Was im Nordpolarmeer begann, findet seinen vorläufigen Höhepunkt in einem Hamburger Gerichtssaal. Der Internationale Seegerichtshof verhandelt den Fall der inhaftierten Greenpeace-Aktivisten - allerdings ohne Russland.

Hamburg/Murmansk. Die internationale Richter-Riege ist komplett, die letzten Vorbereitungen laufen. Eineinhalb Monate nach der Festnahme von 30 Greenpeace-Aktivisten im Nordpolarmeer kommt der Fall am Mittwoch (10.00 Uhr) vor den Internationalen Seegerichtshof. Bereits am Montag trat das Tribunal in Hamburg zusammen, um den Briten David Heywood Anderson als neues Mitglied zu vereidigen. Als 22. Richter wird der 76-Jährige mit über das Schicksal von 30 Besatzungsmitgliedern des Greenpeace-Schiffs „Arctic Sunrise“ entscheiden.

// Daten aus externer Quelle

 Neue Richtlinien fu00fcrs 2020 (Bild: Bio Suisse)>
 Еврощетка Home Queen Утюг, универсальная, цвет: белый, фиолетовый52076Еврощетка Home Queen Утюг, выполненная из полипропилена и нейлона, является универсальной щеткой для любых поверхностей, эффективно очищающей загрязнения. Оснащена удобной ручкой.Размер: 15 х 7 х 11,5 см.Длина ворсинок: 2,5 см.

Am 19. September hatten russische Behörden das Schiff beschlagnahmt und nach Murmansk geschleppt. Die 28-köpfige Crew und zwei Bildberichterstatter sitzen seitdem in Haft. Während Greenpeace argumentierte, die Besatzung habe friedlich gegen eine Ölförderplattform des russischen Staatskonzerns Gazprom protestiert, warf ihnen die russische Justiz zunächst Piraterie vor. International war die Anklage als überzogen kritisiert worden.

Unter anderem baten mehrere Friedensnobelpreisträger bei Kremlchef Wladimir Putin darum, den Piraterie-Vorwurf fallen zu lassen. Mittlerweile wurde er auf Rowdytum reduziert – dafür drohen allerdings immer noch bis zu sieben Jahre Haft. Zuletzt hatte Greenpeace unter Berufung auf diplomatische Quellen mitgeteilt, die Crew solle von Murmansk nach St. Petersburg verlegt werden.

Um Besatzung und Schiff frei zu bekommen, haben die Niederlande als Flaggenstaat der „Arctic Sunrise“ den Internationalen Seegerichtshof eingeschaltet. In der Regel besteht das Tribunal aus 21 Richtern, die nach Bedarf zusammenkommen und über Anwendung und Auslegung der Seerechtskonvention der Vereinten Nationen entscheiden. Da dem Gremium kein Niederländer angehört, hatte das Land nach den Regeln des Gerichtshofs ein Vorschlagsrecht auf einen zusätzlichen Richter. Die Wahl fiel auf den Briten Anderson.

Nach Angaben einer Gerichtssprecherin wird eine niederländische Delegation zur Verhandlung in Hamburg erwartet. Die Niederländer haben bei dem Gericht beantragt, Schiff und Mannschaft vorläufig freizulassen. Russland wiederum hat angekündigt, die Einschaltung des Gerichts nicht zu akzeptieren und auch nicht an der Verhandlung teilzunehmen.

Seerechtsexperten wie Doris König von der Bucerius Law School gehen allerdings davon aus, dass ein Urteil dennoch bindend wäre. „Russland kann sich nicht einseitig der Gerichtsbarkeit entziehen“, sagte König. Ihrer Einschätzung nach hat Greenpeace gegen verschiedene Gesetze verstoßen, als die Aktivisten ein Transparent an der Ölplattform in der Arktis anbringen wollten.